Dass ausgerechnet ein Castro-Enkel diese Möglichkeit offensiv anspricht, zeigt, wie weit sich die politischen Koordinaten auf der Insel verschoben haben.
Eine Generation nach der Revolution
Sandro Castro ist nicht Fidel Castro. Das ist banal – und zugleich entscheidend.
Er steht für eine Generation, die:
- die Revolution nicht erlebt hat
- ihre Erzählungen aber geerbt hat
- im Mangel sozialisiert wurde
- zugleich aber längst in digitalen Bildern, Konsumversprechen und globalen Symbolen lebt
Er spricht die Sprache der sozialen Medien, nicht die des Parteitags.
Er argumentiert mit Geschäftsideen, nicht mit Klassenkampf.
Und er weiß, dass in Kuba selbst Provokation oft nur deshalb möglich ist, weil sie von einem privilegierten Nachnamen getragen wird.
Ein privilegierter Kritiker – oder nur ein Symptom?
Ob Sandro Castro ein ernstzunehmender politischer Indikator ist, bleibt offen. Vieles an ihm wirkt kalkuliert, narzisstisch, überzeichnet. Er ist weder Dissident im klassischen Sinn noch Vertreter der alten Macht.

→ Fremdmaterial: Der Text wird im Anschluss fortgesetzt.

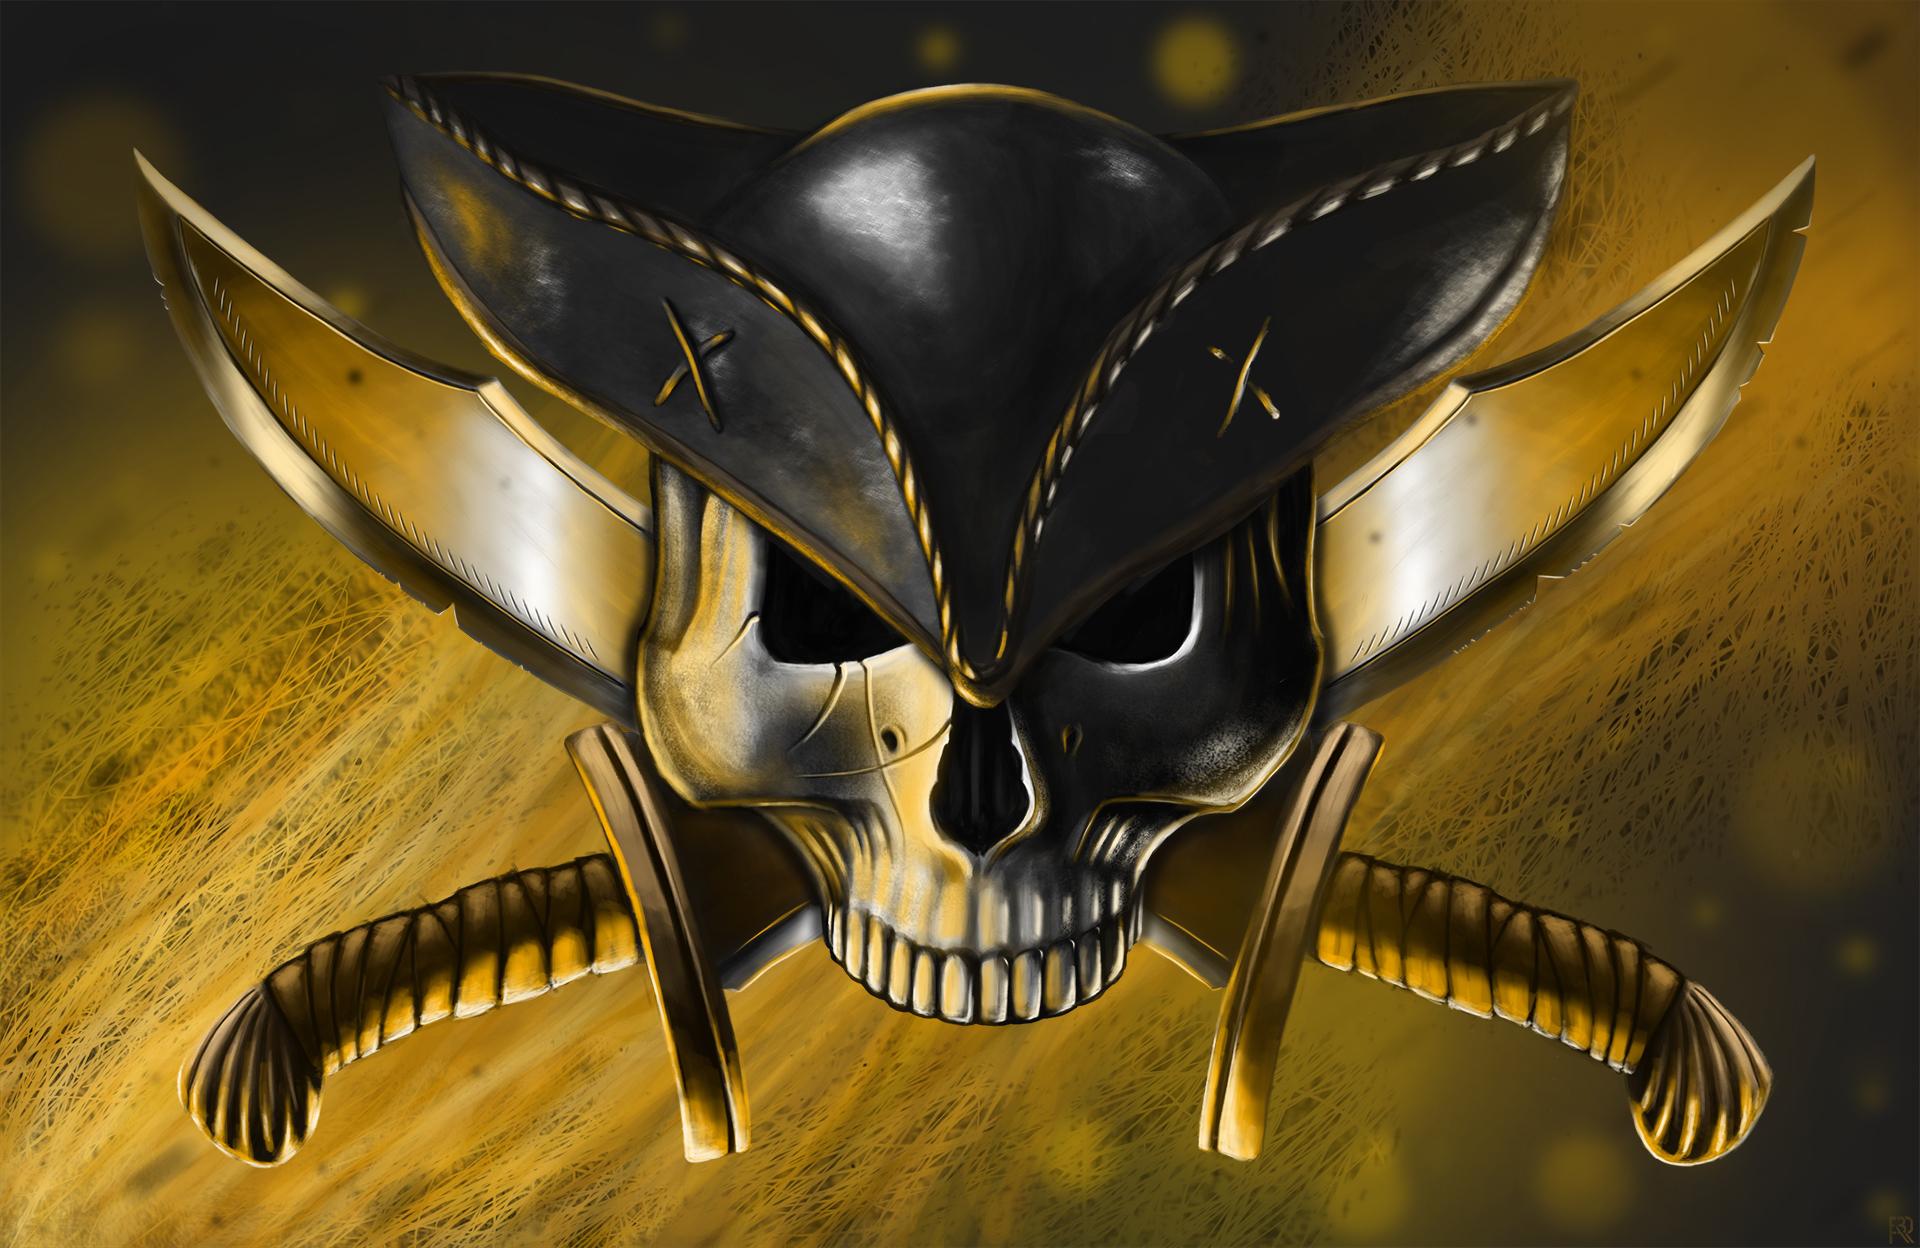 art pirate skull hat guns knives jolly roger wallpaper 1920x1248 178926 wallpaperup. Black Bedroom Furniture Sets. Home Design Ideas

Eher eine schillernde Figur dazwischen.
Gerade deshalb ist er interessant.
Denn in seiner Person verdichten sich zentrale Widersprüche des heutigen Kuba:
- revolutionäre Symbolik trifft auf kapitalistische Sehnsucht
- staatlicher Gleichheitsanspruch trifft auf sichtbare Privilegien
- antiimperialistische Rhetorik trifft auf Faszination für Marken, Immobilien und Geschäfte
- politische Kontinuität trifft auf ökonomische Erschöpfung
Sandro Castro ist damit womöglich weniger ein politischer Akteur als ein Spiegel der kubanischen Gegenwart: schrill, widersprüchlich, unerquicklich – und kaum zu ignorieren.
Fazit
Wenn Fidel Castros Enkel sagt, die Mehrheit der Kubaner wolle kapitalistisch sein, dann ist das nicht nur eine Provokation. Es ist auch ein Hinweis darauf, wie weit sich die gesellschaftliche Realität von der offiziellen Ideologie entfernt hat.
Dass dieser Satz ausgerechnet von einem Castro kommt, verleiht ihm eine besondere Ironie.
Denn die Familie, die das Land jahrzehntelang auf sozialistischen Kurs hielt, produziert nun einen Nachfahren, der sich mit Unternehmerpose, Social-Media-Satire und einem möglichen Deal mit Trump in Szene setzt.
Vielleicht ist das keine politische Wende.
Aber es ist ein Symptom.
Und in Kuba sind Symptome manchmal aufschlussreicher als Parolen.